I am a medical student (I graduate in a few weeks) who was stuck with an HCV+ and HIV viral load negative hollow-bore central line needle ~30 days ago (some graduation present). I have had a 14 day negative HCV/HIV CHIRON TMA QUALITATIVE assay, which is the same kind of test used to test blood donations (of course I did NOT donate to get tested). 21 Day and 31 day tests pending, with follow up TMA at 6, 8 and 12 weeks, AB at 6 mos (this testing series was recommended by an ID attending).

This incident has produced in me a major depressive episode that I am trying to cope with, and I don't even care to be an MD at this point, although I know this is a product of the depression. My Specific Question: What is the window period for Chiron TMA for HCV by which I can be relatively confident in being non-infected, and which I may be confident.

I have done an extensive literature search with conflicting information about PCR or TMA positivity after infection. Several sources say virus is detectable after 1-2 weeks in nearly everyone infected (HEPATOLOGY, Vol. 36, No. 5, Suppl. 1, 2002; JAMA, February 21, 2007Vol 297, No. 7 (Reprinted); Annals of Clinical & Laboratory Science, vol. 32, no. 2, 2002; HEPATOLOGY, Vol. 39, No. 4, 2004), while other papers state that it can take longer (JOURNAL OF VIROLOGY, Nov. 2004, p. 1225212258 see small text about inclusion criteria).

Please provide your opinion on Negative Predictive Values and how much I may allay my concern at each TMA testing interval.
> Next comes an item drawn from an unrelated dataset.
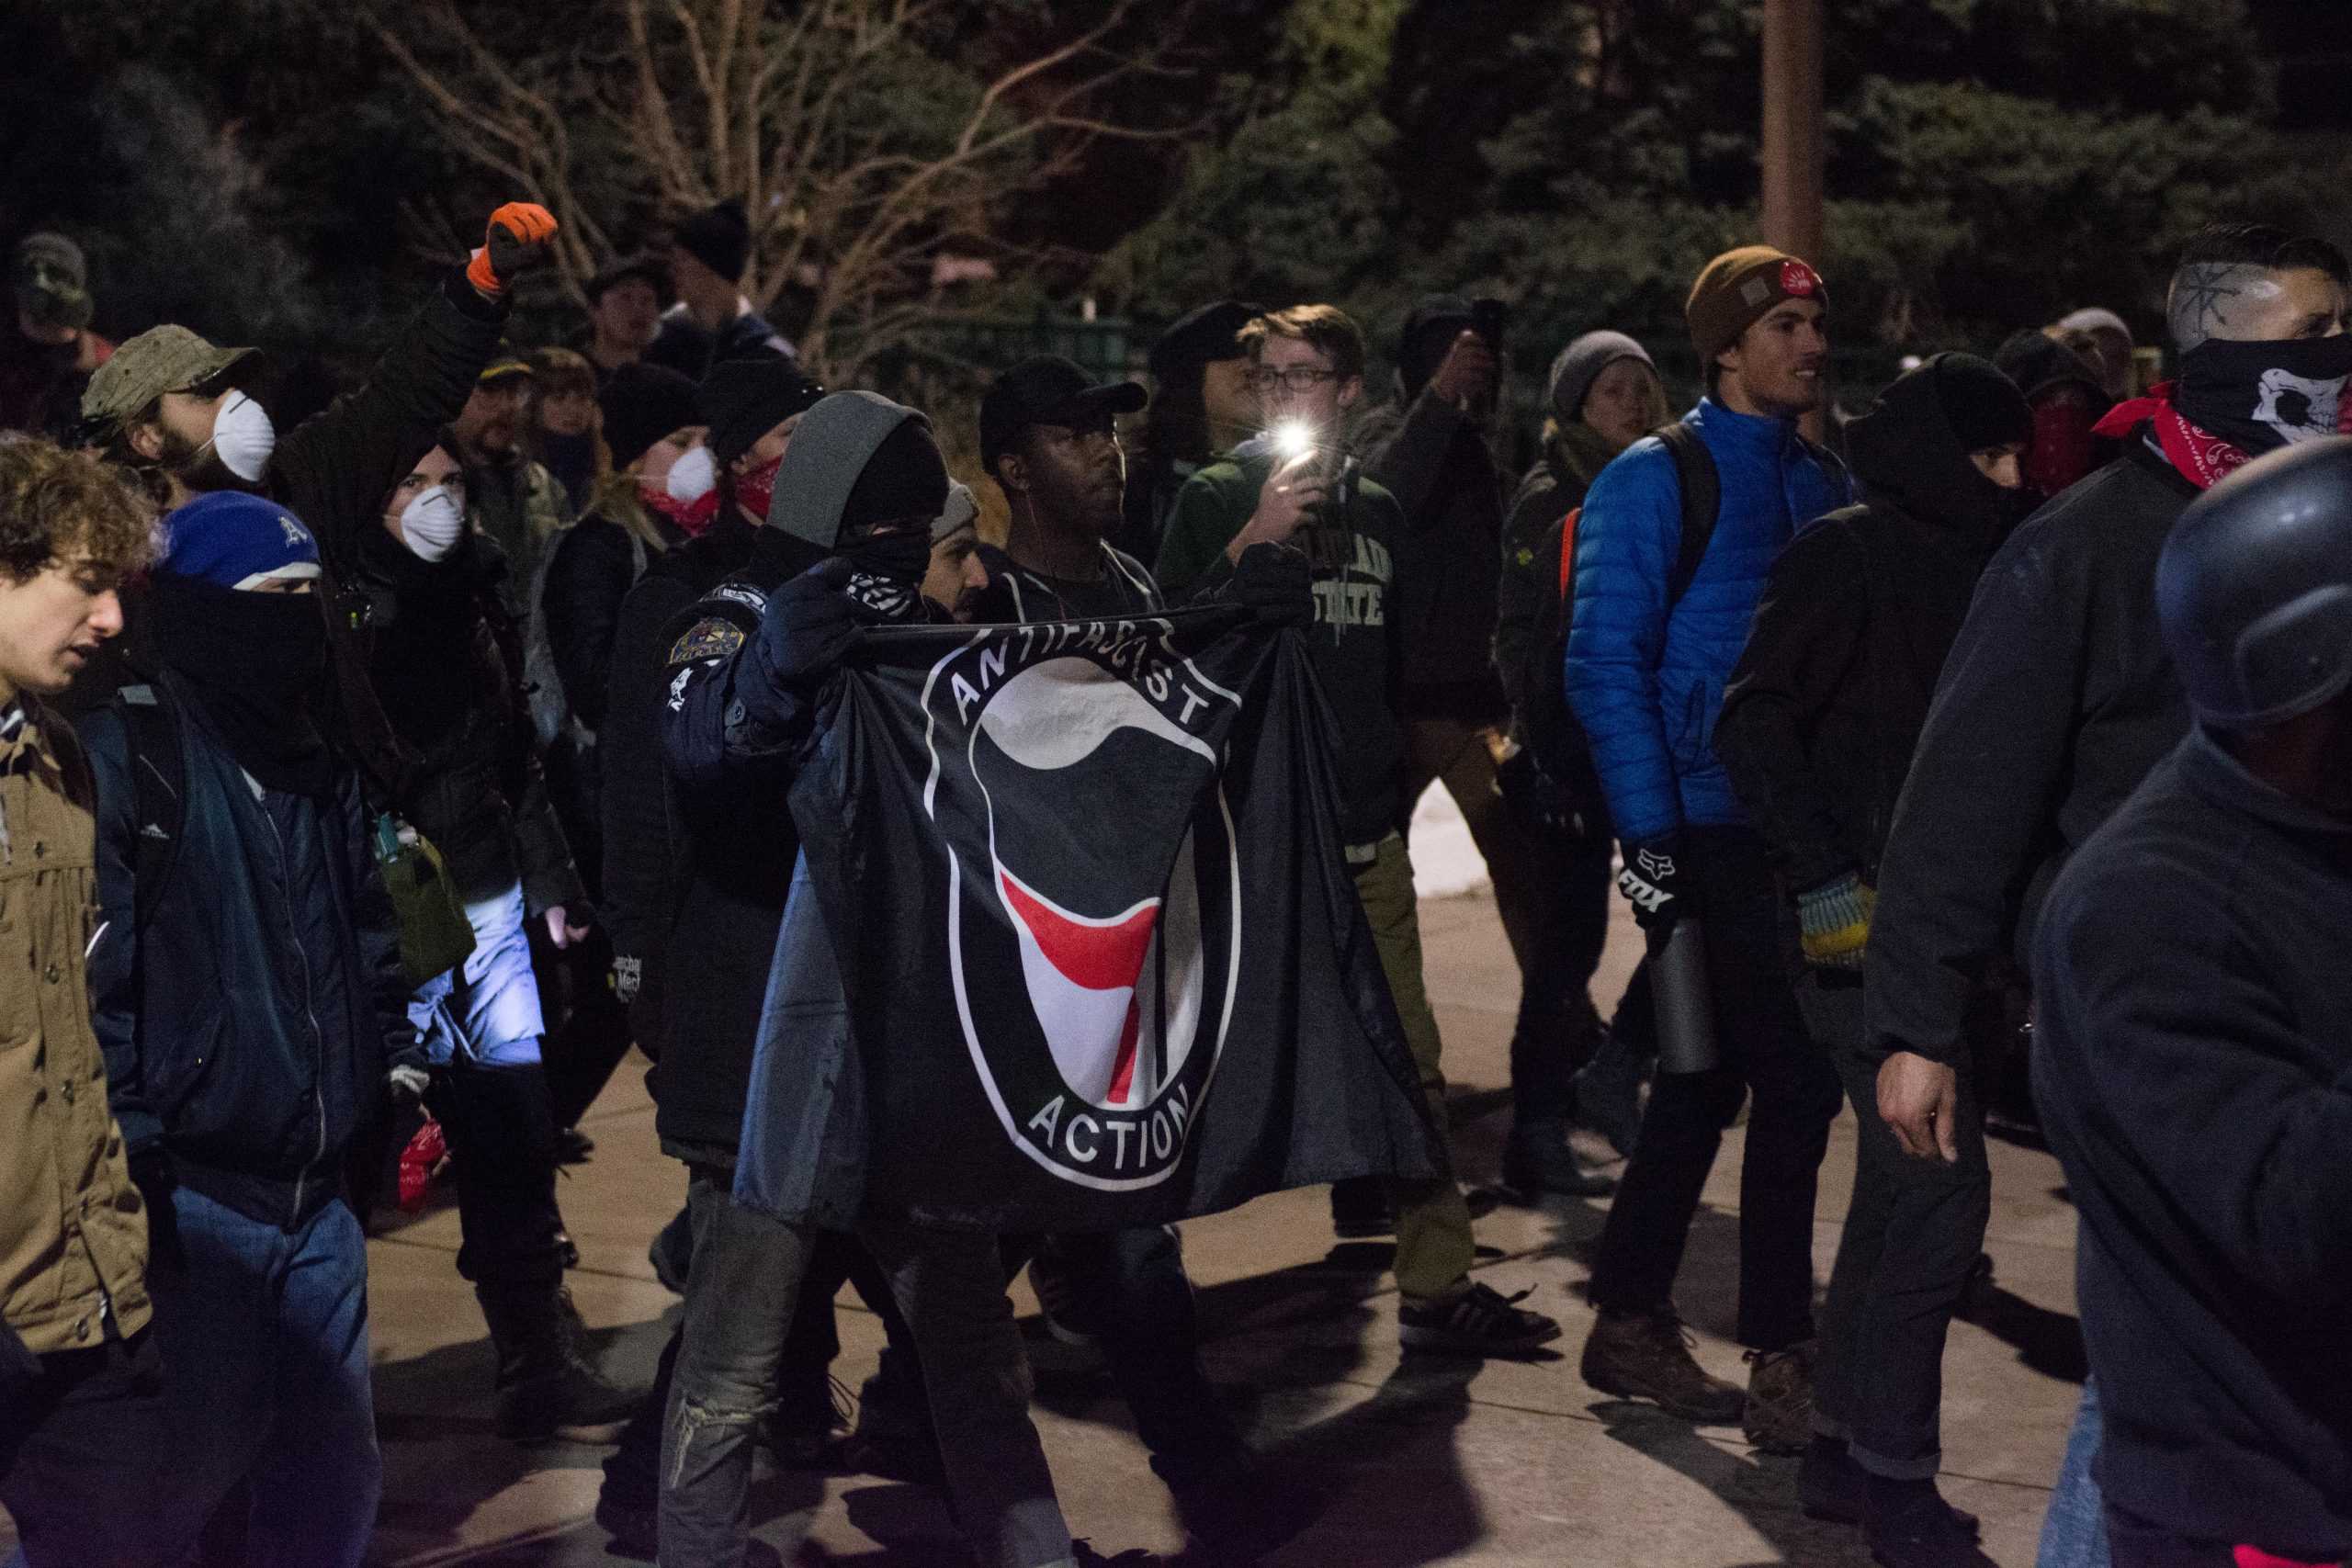 White+nationalists+clashed+with+Antifa+and+other+protesters+and+student+protesters+Friday+after+altercations+started+on+the+Colorado+State+University+Plaza.+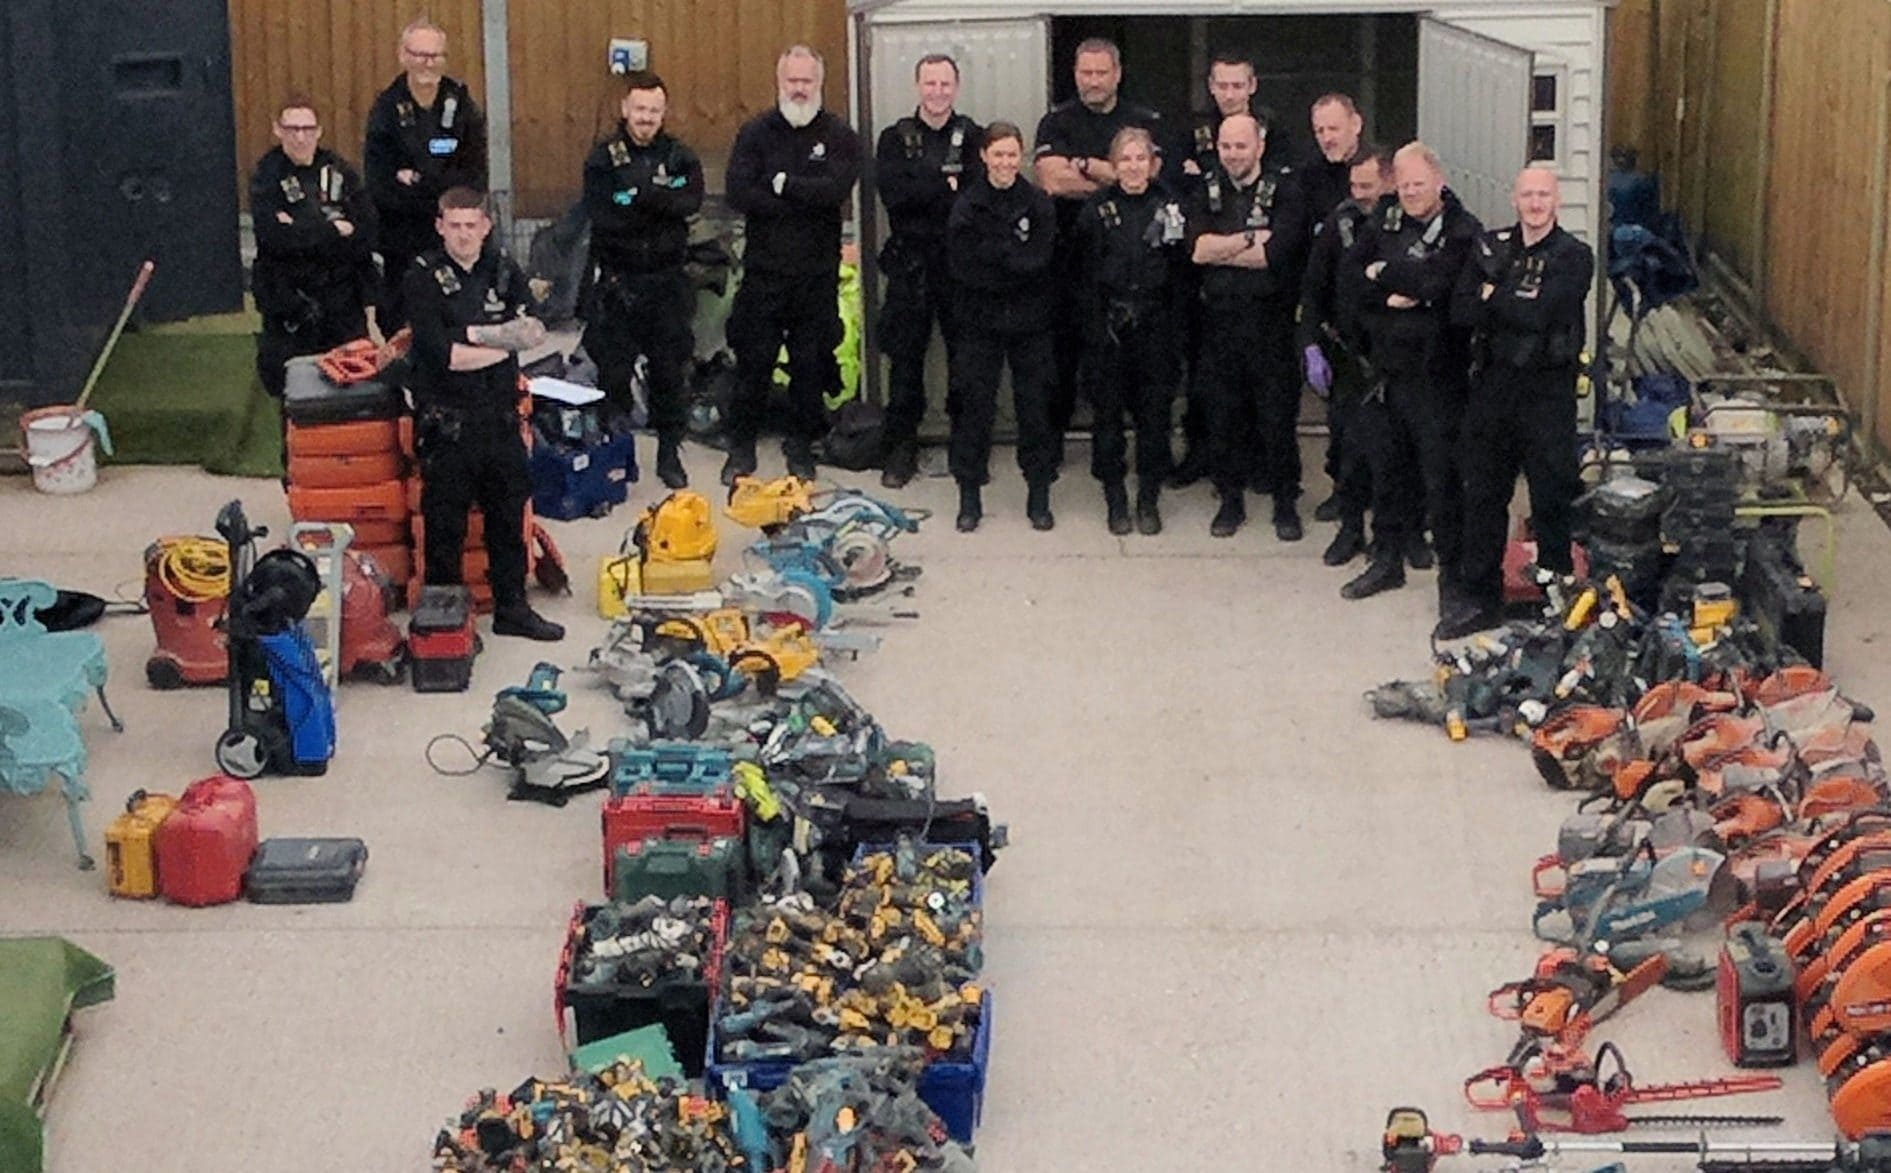 power tool with tracking device leads police to £500,000 hoard

This testing scheme is both to stem my worsening major depression with an earlier answer and provide for much earlier treatment. The literature is conflicting on this answer.

Also, in the unfortunate occurance of a positive result, what dose of weekly PEG-INF do your recommend to correspond to the daily non-pegalated inf does used in the following study: N Engl J Med, Vol. 345, No. 20, pg 1452. I am sure some other individuals will find this answer informative.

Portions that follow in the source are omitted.